After arriving at the Skyrail Rainforest Cableway Terminal in Smithfield, the whole cable car ride (7.5km) over the rainforest canopy took around 40 minutes (not including time spent at each station). There are 2 worthwhile stops: Red Peak Station and Barron Falls Station. Red Peak Station is the highest point at 545 metres above sea level and there is a 200 metre boardwalk where you can easily see primitive fern-like cycads, elkhorns, staghorns, bird's nest ferns, Kauri pines, Alexandra palms, Caribbean pine trees, fan palm trees, a variegated fig and a banyan tree, apart from several metallic starlings.
The next stop is Barron Falls Station surrounded by lush, complex rainforest with several basket ferns and Cooper's tree ferns. The best views of the Barron Gorge and Falls from the cable car are between Towers 25 and 27. When we stopped at the Barron Falls Station, we headed straight to the small yet informative Rainforest Interpretation Centre and then to the three lookouts providing panoramic views of the Barron Gorge and Falls. There are UNESCO WHS inscription boards at both stations as well as other information boards on the flora and fauna. We happened to visit on one of the few days when the Wet Tropics of Queensland didn't live up to its name as it was a hot sunny day. Probably this was the reason why there were so many different species of colourful butterflies (and cicadas) hovering around. The highlight of our visit was spotting Australia's largest endemic butterfly, the Cairns birdwing (photo). We also spotted some new bird species such as the Torresian imperial pigeon, the Eastern whipbird, the Chowchilla and the common rainbow lorikeets.
The Wet Tropics of Queensland are believed to be the most diverse rainforests in Australia. Different soil types, altitudes, rainfall and evolutionary histories have produced many different plant communities and habitats, even though to the ''untrained eye'' most rainforests seem pretty similar.

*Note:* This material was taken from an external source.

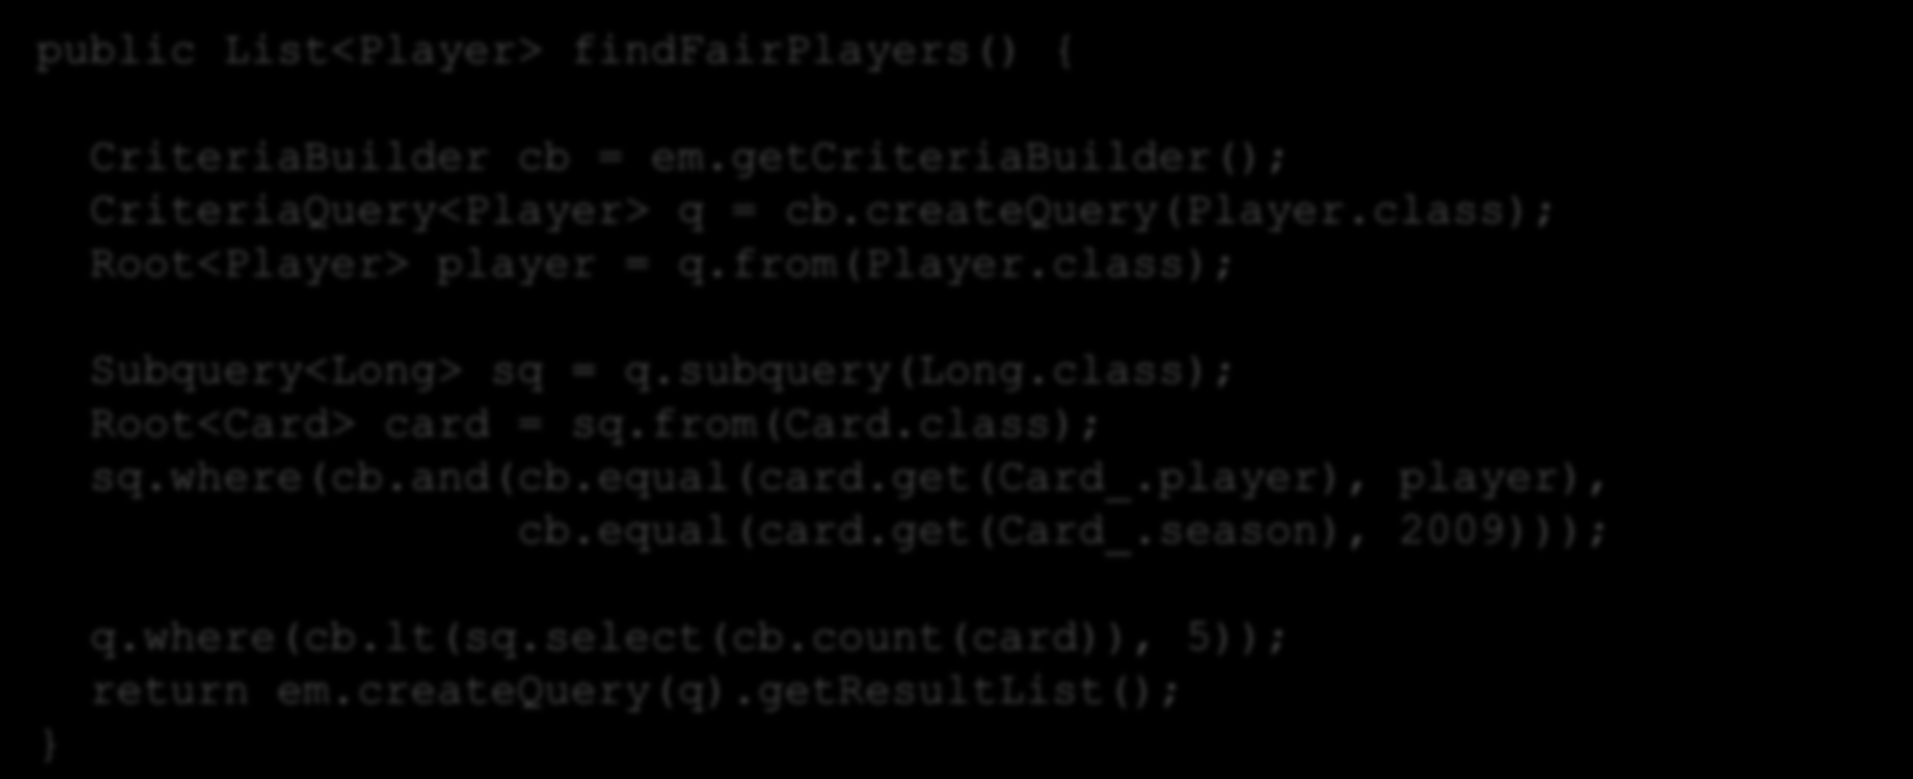 Repository Identifiziere Specification public List<Player> findfairplayers() { CriteriaBuilder cb = em.getcriteriabuilder(); CriteriaQuery<Player> q = cb.createquery(player.

The Barron Gorge Hydro-Electrical Station controls the flow of water to the falls so don't expect to see huge falls (apart from once or twice a year when they flush the water system!).
The Skyrail Cable Car ends at Kuranda, a small touristy village in the rainforest. I suggest taking the shuttle service up to the village itself (on the way back down to the Kuranda Railway Station, you will still be able to pass by the numerous shops and stalls selling souvenirs if you want to). Apart from the circuit walk to Kuranda, there's also a pleasant river and 'jungle' walk to Jumrum Creek (3km). At 14:30 we also went for a short cruise on the Kuranda River Boat which conveniently returns in time for the 15:30 train. Apart from a few turtles and common bird species you won't see anything you won't see near Cairns, so in my opinion the trip is not worth the 18 dollar fee.
For our return trip to Cairns we had booked a Gold Class seat on the old-looking yet comfortable cabin of the Kuranda Scenic Railway. We really enjoyed our relaxing trip back to Cairns being served cold drinks from the 'open bar' and finger food. Including stops at Barron Falls and Stoney Creek Falls, the trip took around 90 minutes. The Cairns-Kuranda Railway was constructed between 1882 and 1891 and even today is considered an engineering feat. Hundreds of men were employed to build the 15 hand-made tunnels and 37 bridges. All in all, we enjoyed this easy day trip from Cairns even though we preferred our visits to the Gondwana Rainforests and the Blue Mountains.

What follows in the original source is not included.